Work instructions:
Only lines containing the string "Lamp" belong in the answer; find them in the records and copy them.

Exercise material:
**********
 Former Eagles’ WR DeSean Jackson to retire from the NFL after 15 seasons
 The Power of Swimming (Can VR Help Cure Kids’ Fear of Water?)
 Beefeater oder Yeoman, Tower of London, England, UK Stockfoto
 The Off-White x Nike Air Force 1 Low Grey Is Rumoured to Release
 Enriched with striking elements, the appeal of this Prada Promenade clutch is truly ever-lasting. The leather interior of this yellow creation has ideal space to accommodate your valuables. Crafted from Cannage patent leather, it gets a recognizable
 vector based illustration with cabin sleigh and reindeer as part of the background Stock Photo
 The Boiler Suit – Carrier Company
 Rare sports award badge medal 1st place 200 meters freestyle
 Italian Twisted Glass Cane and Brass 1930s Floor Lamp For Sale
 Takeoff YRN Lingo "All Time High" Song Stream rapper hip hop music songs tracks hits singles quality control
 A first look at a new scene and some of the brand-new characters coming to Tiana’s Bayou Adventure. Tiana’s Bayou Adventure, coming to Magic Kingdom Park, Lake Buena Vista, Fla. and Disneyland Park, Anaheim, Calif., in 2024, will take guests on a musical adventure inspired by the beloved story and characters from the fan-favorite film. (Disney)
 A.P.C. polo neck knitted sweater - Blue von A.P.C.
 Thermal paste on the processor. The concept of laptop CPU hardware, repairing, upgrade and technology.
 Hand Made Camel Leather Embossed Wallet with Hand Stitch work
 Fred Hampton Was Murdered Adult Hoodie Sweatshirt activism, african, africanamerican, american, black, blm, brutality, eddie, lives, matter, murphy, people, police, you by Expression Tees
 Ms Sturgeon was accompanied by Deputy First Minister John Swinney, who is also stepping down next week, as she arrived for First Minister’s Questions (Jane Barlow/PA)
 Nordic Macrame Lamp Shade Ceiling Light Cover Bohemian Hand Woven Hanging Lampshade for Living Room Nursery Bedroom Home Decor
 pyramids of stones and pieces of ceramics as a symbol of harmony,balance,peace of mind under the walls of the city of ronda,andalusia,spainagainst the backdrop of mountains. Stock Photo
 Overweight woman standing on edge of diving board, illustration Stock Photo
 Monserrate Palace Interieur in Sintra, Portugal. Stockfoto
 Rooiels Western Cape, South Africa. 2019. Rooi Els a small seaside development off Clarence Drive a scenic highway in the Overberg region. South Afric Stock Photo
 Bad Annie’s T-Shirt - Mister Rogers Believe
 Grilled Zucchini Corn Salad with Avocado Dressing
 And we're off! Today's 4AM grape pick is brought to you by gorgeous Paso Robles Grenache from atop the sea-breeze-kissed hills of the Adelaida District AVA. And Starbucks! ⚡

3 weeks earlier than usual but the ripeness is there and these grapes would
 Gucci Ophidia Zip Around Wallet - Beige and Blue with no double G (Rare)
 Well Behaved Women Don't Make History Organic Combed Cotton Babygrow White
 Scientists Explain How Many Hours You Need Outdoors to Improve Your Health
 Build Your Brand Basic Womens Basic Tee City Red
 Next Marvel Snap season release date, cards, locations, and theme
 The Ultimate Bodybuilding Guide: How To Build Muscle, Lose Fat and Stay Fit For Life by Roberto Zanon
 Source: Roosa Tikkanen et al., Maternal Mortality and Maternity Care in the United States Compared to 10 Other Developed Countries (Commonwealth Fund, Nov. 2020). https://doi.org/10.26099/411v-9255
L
**********
Output of the exercise:
 Italian Twisted Glass Cane and Brass 1930s Floor Lamp For Sale
 Nordic Macrame Lamp Shade Ceiling Light Cover Bohemian Hand Woven Hanging Lampshade for Living Room Nursery Bedroom Home Decor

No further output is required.